Saved data entries
▽
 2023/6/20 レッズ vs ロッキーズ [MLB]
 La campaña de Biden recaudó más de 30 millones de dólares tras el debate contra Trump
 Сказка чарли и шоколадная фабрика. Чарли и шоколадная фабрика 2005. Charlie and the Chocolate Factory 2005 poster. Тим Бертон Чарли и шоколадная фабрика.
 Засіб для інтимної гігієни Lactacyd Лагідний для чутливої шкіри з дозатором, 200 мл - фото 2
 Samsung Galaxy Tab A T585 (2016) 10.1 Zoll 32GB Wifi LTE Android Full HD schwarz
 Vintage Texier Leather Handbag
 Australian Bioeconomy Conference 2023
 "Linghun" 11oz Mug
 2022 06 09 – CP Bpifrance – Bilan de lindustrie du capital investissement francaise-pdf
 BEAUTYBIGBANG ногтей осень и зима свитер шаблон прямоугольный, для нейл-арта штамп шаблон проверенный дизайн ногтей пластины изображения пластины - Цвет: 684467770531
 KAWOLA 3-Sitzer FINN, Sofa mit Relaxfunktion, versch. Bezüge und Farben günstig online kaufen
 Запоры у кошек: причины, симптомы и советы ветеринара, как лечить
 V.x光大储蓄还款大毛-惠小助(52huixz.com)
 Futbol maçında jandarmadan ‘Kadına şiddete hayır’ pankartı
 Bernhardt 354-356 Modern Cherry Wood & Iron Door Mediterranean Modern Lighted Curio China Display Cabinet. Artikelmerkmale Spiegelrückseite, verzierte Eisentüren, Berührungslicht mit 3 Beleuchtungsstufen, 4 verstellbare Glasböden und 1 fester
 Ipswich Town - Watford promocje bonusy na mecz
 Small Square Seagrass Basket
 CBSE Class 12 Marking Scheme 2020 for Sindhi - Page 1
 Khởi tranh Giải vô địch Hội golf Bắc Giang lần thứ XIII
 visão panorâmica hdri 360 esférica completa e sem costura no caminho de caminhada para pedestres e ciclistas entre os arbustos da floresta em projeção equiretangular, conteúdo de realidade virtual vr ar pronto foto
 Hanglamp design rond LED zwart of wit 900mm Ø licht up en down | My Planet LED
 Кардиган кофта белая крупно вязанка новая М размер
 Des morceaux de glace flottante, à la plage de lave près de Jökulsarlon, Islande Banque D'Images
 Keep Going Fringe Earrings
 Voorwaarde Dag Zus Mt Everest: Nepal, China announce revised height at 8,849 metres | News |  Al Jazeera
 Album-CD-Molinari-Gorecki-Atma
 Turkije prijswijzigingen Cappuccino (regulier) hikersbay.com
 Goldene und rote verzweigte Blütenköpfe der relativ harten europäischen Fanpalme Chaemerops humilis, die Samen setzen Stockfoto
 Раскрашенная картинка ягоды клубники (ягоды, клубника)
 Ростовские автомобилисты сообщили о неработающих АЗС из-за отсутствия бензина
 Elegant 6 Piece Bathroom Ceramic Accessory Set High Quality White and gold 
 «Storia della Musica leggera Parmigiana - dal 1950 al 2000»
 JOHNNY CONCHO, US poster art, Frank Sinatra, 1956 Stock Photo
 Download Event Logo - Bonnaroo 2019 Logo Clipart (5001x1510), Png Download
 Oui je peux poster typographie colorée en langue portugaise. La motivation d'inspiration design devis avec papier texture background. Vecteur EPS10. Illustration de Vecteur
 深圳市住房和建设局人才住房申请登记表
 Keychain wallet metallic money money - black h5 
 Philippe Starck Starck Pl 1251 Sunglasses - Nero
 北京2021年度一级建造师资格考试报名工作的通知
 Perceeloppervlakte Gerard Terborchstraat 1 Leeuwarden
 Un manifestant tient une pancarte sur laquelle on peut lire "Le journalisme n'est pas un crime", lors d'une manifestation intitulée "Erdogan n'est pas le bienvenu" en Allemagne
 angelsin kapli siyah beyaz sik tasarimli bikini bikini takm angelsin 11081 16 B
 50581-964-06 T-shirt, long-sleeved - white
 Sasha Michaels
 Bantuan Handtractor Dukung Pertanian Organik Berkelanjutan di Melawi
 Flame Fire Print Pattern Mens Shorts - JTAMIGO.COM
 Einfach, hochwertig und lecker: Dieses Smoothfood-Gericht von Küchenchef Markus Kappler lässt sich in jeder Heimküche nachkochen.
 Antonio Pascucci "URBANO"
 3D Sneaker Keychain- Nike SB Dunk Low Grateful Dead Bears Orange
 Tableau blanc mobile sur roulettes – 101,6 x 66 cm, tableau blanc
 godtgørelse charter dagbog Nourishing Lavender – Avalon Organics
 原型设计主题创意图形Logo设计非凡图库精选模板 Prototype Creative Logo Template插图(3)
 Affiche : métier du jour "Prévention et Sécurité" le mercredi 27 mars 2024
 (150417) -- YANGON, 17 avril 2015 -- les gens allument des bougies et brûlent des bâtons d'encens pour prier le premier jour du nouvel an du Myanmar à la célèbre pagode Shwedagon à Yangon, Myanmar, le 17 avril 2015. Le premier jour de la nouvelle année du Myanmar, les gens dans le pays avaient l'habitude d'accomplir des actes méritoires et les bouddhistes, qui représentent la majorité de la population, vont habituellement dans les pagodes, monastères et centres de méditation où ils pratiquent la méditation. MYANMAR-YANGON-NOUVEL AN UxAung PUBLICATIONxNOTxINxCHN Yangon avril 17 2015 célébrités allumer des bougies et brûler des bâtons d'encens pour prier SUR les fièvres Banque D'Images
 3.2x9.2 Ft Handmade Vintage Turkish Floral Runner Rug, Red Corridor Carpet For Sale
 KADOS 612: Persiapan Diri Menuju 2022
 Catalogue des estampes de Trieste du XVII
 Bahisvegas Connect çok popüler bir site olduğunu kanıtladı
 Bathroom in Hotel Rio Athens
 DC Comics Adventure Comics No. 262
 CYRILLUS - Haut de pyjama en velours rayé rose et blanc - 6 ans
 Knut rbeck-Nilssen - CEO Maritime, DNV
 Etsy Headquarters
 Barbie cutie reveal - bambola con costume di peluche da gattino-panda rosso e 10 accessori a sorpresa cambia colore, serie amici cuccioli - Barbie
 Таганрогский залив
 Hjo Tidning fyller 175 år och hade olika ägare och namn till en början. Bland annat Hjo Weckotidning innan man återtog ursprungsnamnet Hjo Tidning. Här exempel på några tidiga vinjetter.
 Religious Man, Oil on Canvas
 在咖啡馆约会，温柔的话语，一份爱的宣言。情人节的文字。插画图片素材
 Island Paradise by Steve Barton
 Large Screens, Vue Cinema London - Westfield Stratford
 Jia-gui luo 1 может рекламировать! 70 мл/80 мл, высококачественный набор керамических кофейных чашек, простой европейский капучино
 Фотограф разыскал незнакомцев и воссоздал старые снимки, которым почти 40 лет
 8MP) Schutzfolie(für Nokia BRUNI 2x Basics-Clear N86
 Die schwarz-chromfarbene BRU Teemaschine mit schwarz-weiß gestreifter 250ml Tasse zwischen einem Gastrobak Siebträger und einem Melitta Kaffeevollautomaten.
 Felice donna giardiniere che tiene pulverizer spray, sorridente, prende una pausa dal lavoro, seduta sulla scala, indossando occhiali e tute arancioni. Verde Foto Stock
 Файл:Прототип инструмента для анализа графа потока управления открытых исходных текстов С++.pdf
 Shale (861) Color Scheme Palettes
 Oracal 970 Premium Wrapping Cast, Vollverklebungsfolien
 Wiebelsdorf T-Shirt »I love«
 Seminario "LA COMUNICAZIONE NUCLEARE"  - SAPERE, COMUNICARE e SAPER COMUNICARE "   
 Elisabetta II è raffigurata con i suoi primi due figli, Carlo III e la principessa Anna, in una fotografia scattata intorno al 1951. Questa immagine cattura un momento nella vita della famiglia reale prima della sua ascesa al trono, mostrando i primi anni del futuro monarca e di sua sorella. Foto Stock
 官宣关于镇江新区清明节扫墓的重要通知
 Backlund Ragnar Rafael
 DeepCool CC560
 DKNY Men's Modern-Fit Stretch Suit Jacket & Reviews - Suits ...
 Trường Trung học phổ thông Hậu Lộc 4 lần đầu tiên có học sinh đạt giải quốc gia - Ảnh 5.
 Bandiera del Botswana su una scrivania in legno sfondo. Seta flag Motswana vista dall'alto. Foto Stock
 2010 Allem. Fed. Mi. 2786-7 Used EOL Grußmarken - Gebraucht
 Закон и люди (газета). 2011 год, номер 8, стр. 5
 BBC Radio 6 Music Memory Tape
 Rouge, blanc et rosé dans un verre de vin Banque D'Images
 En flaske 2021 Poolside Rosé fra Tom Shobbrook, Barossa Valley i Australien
△
Among the entries above, find the line with "Small Square Seagrass Basket" and the line with "Turkije prijswijzigingen Cappuccino"; give again exactly these two lines and all lines between them.

 Small Square Seagrass Basket
 CBSE Class 12 Marking Scheme 2020 for Sindhi - Page 1
 Khởi tranh Giải vô địch Hội golf Bắc Giang lần thứ XIII
 visão panorâmica hdri 360 esférica completa e sem costura no caminho de caminhada para pedestres e ciclistas entre os arbustos da floresta em projeção equiretangular, conteúdo de realidade virtual vr ar pronto foto
 Hanglamp design rond LED zwart of wit 900mm Ø licht up en down | My Planet LED
 Кардиган кофта белая крупно вязанка новая М размер
 Des morceaux de glace flottante, à la plage de lave près de Jökulsarlon, Islande Banque D'Images
 Keep Going Fringe Earrings
 Voorwaarde Dag Zus Mt Everest: Nepal, China announce revised height at 8,849 metres | News |  Al Jazeera
 Album-CD-Molinari-Gorecki-Atma
 Turkije prijswijzigingen Cappuccino (regulier) hikersbay.com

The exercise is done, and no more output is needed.